- **Information shown**:
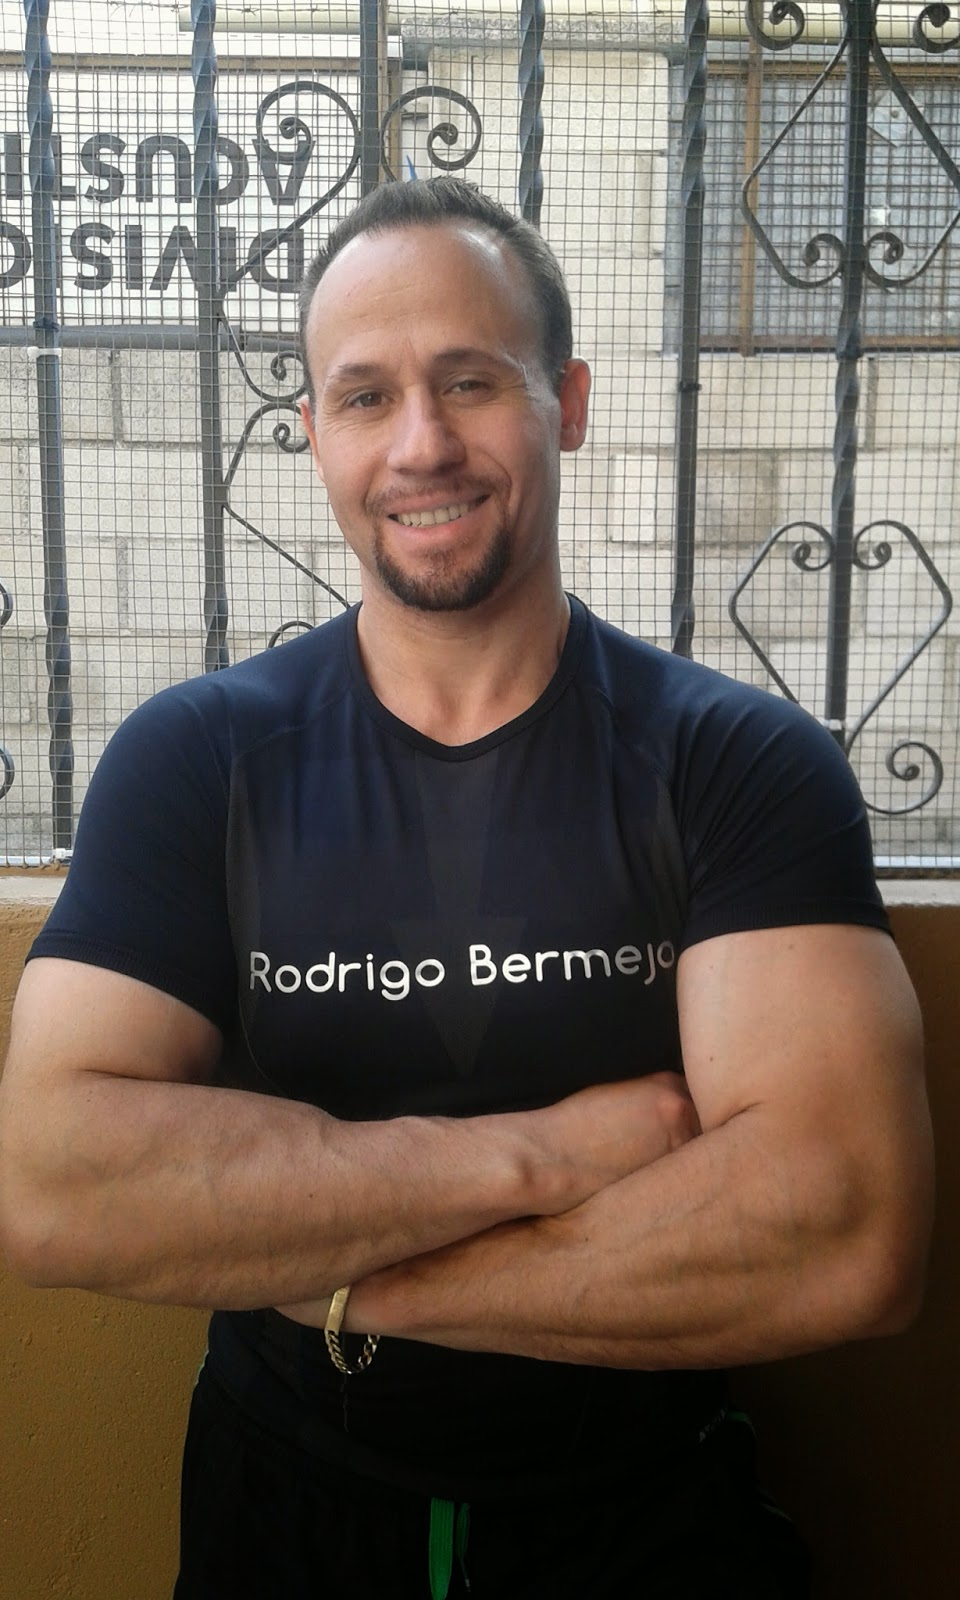 Entrenador personal en madrid y online rodrigo bermejo for Gimnasio hortaleza fitness
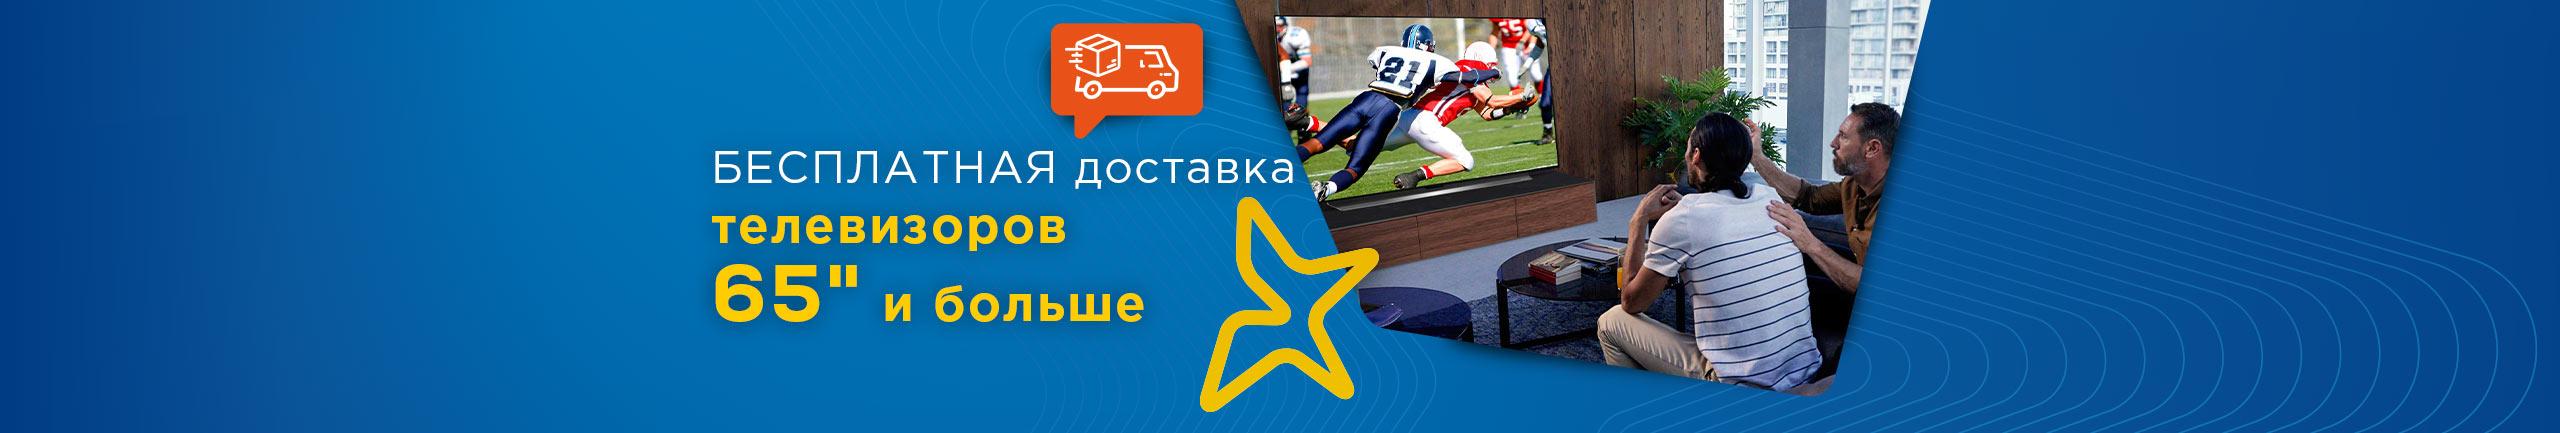 """БЕСПЛАТНАЯ доставка телевизоров 65"""" и больше"""
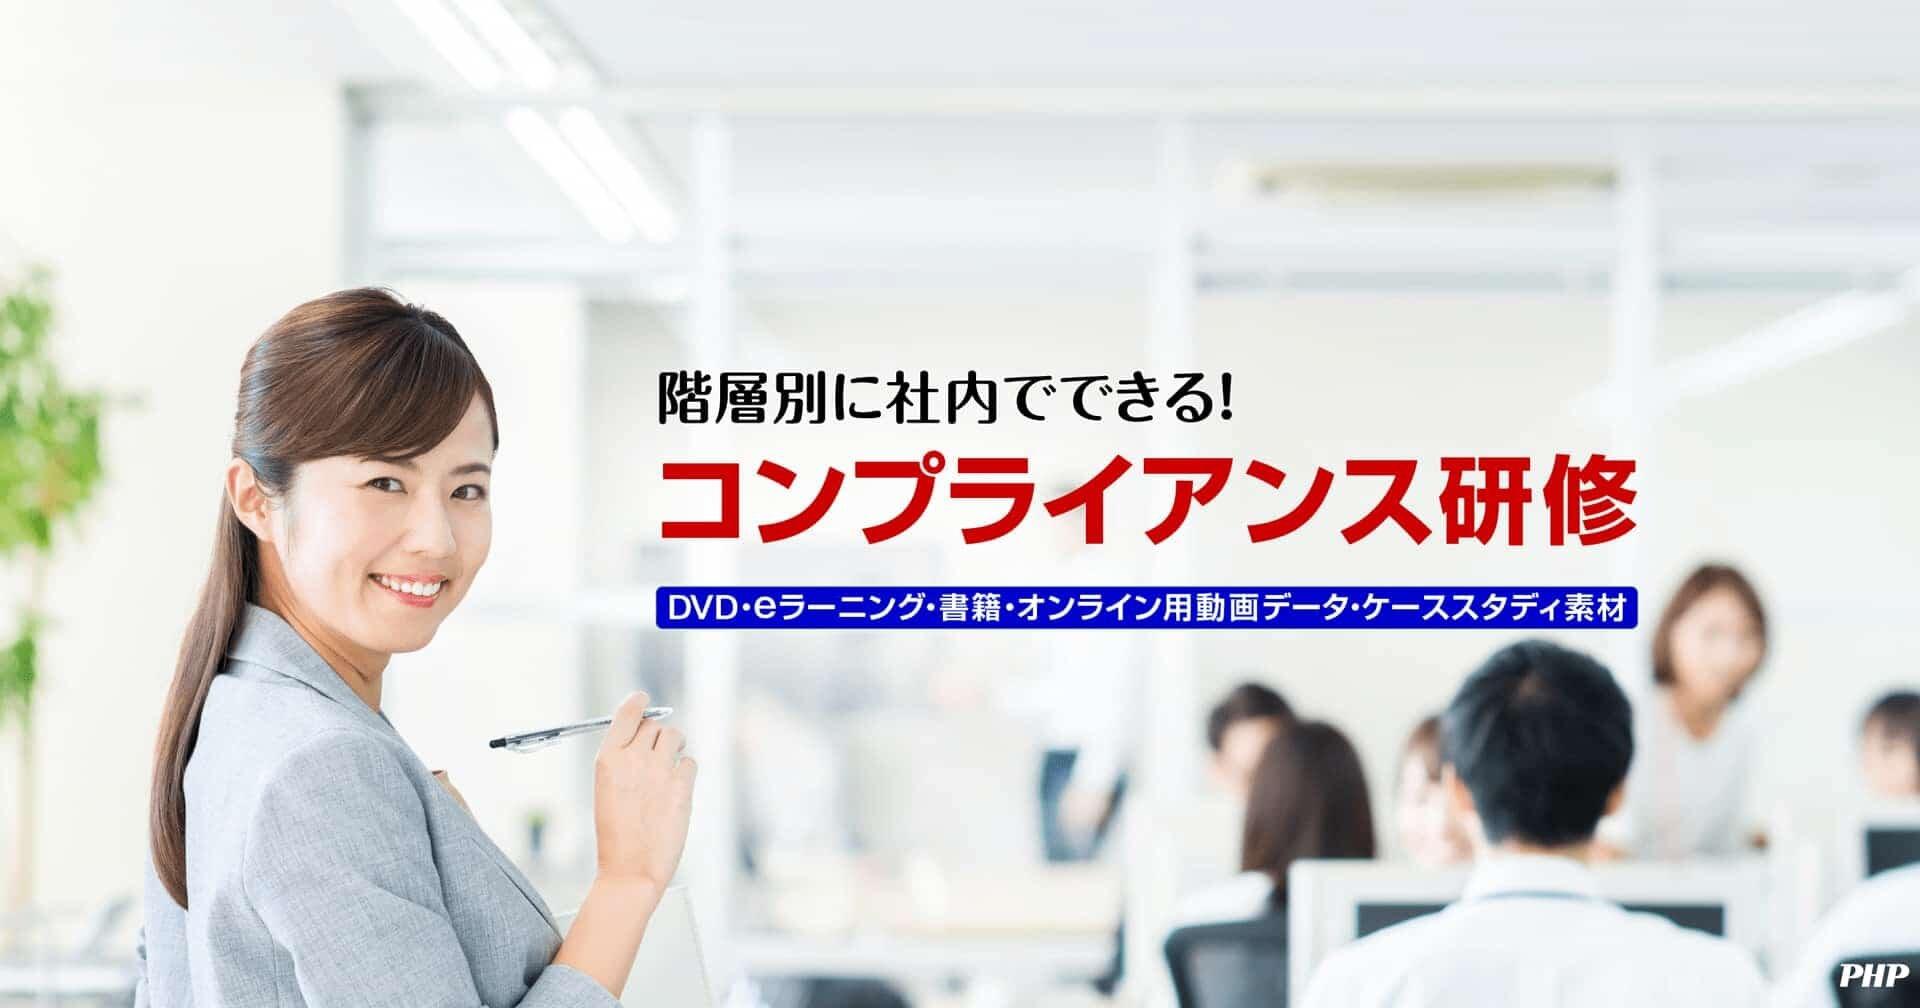 コンプライアンス研修教材~階層別に社内で教育できる!

- **Exercise**:
In the printed copy, the material above must appear unchanged and without its pictures.

- **Answer for this exercise**:
 Entrenador personal en madrid y online rodrigo bermejo for Gimnasio hortaleza fitness
 """БЕСПЛАТНАЯ доставка телевизоров 65"""" и больше"""
 コンプライアンス研修教材~階層別に社内で教育できる!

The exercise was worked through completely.